Dataset entries
....................

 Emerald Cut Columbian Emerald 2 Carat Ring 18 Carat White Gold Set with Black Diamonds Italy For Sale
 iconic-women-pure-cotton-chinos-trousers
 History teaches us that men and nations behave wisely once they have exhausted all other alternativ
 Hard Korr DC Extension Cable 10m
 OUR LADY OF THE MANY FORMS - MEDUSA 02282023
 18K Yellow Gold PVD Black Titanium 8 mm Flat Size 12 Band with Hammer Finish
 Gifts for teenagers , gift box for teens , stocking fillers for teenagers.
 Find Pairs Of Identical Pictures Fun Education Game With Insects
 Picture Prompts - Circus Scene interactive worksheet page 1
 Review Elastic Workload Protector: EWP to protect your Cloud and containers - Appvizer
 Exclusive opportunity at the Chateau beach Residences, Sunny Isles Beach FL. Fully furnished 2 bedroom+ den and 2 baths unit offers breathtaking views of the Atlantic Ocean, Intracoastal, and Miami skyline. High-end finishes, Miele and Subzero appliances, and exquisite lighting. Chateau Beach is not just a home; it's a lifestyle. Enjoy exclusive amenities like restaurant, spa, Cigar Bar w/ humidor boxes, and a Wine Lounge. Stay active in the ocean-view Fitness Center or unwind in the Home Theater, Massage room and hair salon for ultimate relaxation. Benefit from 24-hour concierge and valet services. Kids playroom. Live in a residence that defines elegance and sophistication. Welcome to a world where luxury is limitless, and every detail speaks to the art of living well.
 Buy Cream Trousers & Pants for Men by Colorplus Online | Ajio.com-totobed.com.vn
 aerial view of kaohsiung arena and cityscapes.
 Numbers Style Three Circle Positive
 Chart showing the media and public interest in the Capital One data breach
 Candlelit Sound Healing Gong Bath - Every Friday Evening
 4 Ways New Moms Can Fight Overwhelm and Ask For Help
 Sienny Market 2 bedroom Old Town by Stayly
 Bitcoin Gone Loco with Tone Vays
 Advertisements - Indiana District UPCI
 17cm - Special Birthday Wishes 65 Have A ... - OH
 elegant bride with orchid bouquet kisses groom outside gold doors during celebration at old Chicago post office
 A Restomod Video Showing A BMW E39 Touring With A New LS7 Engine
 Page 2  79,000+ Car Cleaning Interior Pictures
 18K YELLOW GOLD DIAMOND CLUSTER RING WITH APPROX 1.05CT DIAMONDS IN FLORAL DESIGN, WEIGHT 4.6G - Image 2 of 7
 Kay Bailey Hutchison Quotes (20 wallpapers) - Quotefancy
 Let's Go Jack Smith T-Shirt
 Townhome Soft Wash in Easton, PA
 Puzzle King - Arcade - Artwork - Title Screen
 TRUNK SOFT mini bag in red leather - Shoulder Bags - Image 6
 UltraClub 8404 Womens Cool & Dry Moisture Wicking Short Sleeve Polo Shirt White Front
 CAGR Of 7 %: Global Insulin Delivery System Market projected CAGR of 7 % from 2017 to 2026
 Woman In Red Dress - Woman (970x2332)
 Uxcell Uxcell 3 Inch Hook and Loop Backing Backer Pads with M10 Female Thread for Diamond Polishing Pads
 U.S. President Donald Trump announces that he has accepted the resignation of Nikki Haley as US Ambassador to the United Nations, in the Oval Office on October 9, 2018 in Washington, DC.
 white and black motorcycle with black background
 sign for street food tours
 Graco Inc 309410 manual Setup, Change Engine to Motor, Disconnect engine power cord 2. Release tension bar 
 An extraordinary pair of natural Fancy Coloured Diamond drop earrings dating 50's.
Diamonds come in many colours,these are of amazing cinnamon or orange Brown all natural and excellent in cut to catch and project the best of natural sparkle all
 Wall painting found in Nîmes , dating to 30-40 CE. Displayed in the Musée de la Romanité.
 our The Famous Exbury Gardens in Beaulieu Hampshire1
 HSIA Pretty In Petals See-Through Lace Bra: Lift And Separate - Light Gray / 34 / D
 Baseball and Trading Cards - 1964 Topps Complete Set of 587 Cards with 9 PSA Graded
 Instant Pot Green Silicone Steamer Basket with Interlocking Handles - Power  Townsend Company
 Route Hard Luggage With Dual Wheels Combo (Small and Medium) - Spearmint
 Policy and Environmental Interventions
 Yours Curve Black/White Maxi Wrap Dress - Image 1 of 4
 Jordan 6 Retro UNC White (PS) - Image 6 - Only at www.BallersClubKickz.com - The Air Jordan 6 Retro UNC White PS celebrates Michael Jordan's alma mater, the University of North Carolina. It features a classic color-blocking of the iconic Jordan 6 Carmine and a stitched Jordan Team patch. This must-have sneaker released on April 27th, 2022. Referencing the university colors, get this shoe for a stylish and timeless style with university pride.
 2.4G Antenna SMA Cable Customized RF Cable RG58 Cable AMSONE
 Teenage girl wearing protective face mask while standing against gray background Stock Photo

....................

▶ [Instructions for the task] Print the records above in full, exactly.

▶ [Answer space]
 Emerald Cut Columbian Emerald 2 Carat Ring 18 Carat White Gold Set with Black Diamonds Italy For Sale
 iconic-women-pure-cotton-chinos-trousers
 History teaches us that men and nations behave wisely once they have exhausted all other alternativ
 Hard Korr DC Extension Cable 10m
 OUR LADY OF THE MANY FORMS - MEDUSA 02282023
 18K Yellow Gold PVD Black Titanium 8 mm Flat Size 12 Band with Hammer Finish
 Gifts for teenagers , gift box for teens , stocking fillers for teenagers.
 Find Pairs Of Identical Pictures Fun Education Game With Insects
 Picture Prompts - Circus Scene interactive worksheet page 1
 Review Elastic Workload Protector: EWP to protect your Cloud and containers - Appvizer
 Exclusive opportunity at the Chateau beach Residences, Sunny Isles Beach FL. Fully furnished 2 bedroom+ den and 2 baths unit offers breathtaking views of the Atlantic Ocean, Intracoastal, and Miami skyline. High-end finishes, Miele and Subzero appliances, and exquisite lighting. Chateau Beach is not just a home; it's a lifestyle. Enjoy exclusive amenities like restaurant, spa, Cigar Bar w/ humidor boxes, and a Wine Lounge. Stay active in the ocean-view Fitness Center or unwind in the Home Theater, Massage room and hair salon for ultimate relaxation. Benefit from 24-hour concierge and valet services. Kids playroom. Live in a residence that defines elegance and sophistication. Welcome to a world where luxury is limitless, and every detail speaks to the art of living well.
 Buy Cream Trousers & Pants for Men by Colorplus Online | Ajio.com-totobed.com.vn
 aerial view of kaohsiung arena and cityscapes.
 Numbers Style Three Circle Positive
 Chart showing the media and public interest in the Capital One data breach
 Candlelit Sound Healing Gong Bath - Every Friday Evening
 4 Ways New Moms Can Fight Overwhelm and Ask For Help
 Sienny Market 2 bedroom Old Town by Stayly
 Bitcoin Gone Loco with Tone Vays
 Advertisements - Indiana District UPCI
 17cm - Special Birthday Wishes 65 Have A ... - OH
 elegant bride with orchid bouquet kisses groom outside gold doors during celebration at old Chicago post office
 A Restomod Video Showing A BMW E39 Touring With A New LS7 Engine
 Page 2  79,000+ Car Cleaning Interior Pictures
 18K YELLOW GOLD DIAMOND CLUSTER RING WITH APPROX 1.05CT DIAMONDS IN FLORAL DESIGN, WEIGHT 4.6G - Image 2 of 7
 Kay Bailey Hutchison Quotes (20 wallpapers) - Quotefancy
 Let's Go Jack Smith T-Shirt
 Townhome Soft Wash in Easton, PA
 Puzzle King - Arcade - Artwork - Title Screen
 TRUNK SOFT mini bag in red leather - Shoulder Bags - Image 6
 UltraClub 8404 Womens Cool & Dry Moisture Wicking Short Sleeve Polo Shirt White Front
 CAGR Of 7 %: Global Insulin Delivery System Market projected CAGR of 7 % from 2017 to 2026
 Woman In Red Dress - Woman (970x2332)
 Uxcell Uxcell 3 Inch Hook and Loop Backing Backer Pads with M10 Female Thread for Diamond Polishing Pads
 U.S. President Donald Trump announces that he has accepted the resignation of Nikki Haley as US Ambassador to the United Nations, in the Oval Office on October 9, 2018 in Washington, DC.
 white and black motorcycle with black background
 sign for street food tours
 Graco Inc 309410 manual Setup, Change Engine to Motor, Disconnect engine power cord 2. Release tension bar 
 An extraordinary pair of natural Fancy Coloured Diamond drop earrings dating 50's.
Diamonds come in many colours,these are of amazing cinnamon or orange Brown all natural and excellent in cut to catch and project the best of natural sparkle all
 Wall painting found in Nîmes , dating to 30-40 CE. Displayed in the Musée de la Romanité.
 our The Famous Exbury Gardens in Beaulieu Hampshire1
 HSIA Pretty In Petals See-Through Lace Bra: Lift And Separate - Light Gray / 34 / D
 Baseball and Trading Cards - 1964 Topps Complete Set of 587 Cards with 9 PSA Graded
 Instant Pot Green Silicone Steamer Basket with Interlocking Handles - Power  Townsend Company
 Route Hard Luggage With Dual Wheels Combo (Small and Medium) - Spearmint
 Policy and Environmental Interventions
 Yours Curve Black/White Maxi Wrap Dress - Image 1 of 4
 Jordan 6 Retro UNC White (PS) - Image 6 - Only at www.BallersClubKickz.com - The Air Jordan 6 Retro UNC White PS celebrates Michael Jordan's alma mater, the University of North Carolina. It features a classic color-blocking of the iconic Jordan 6 Carmine and a stitched Jordan Team patch. This must-have sneaker released on April 27th, 2022. Referencing the university colors, get this shoe for a stylish and timeless style with university pride.
 2.4G Antenna SMA Cable Customized RF Cable RG58 Cable AMSONE
 Teenage girl wearing protective face mask while standing against gray background Stock Photo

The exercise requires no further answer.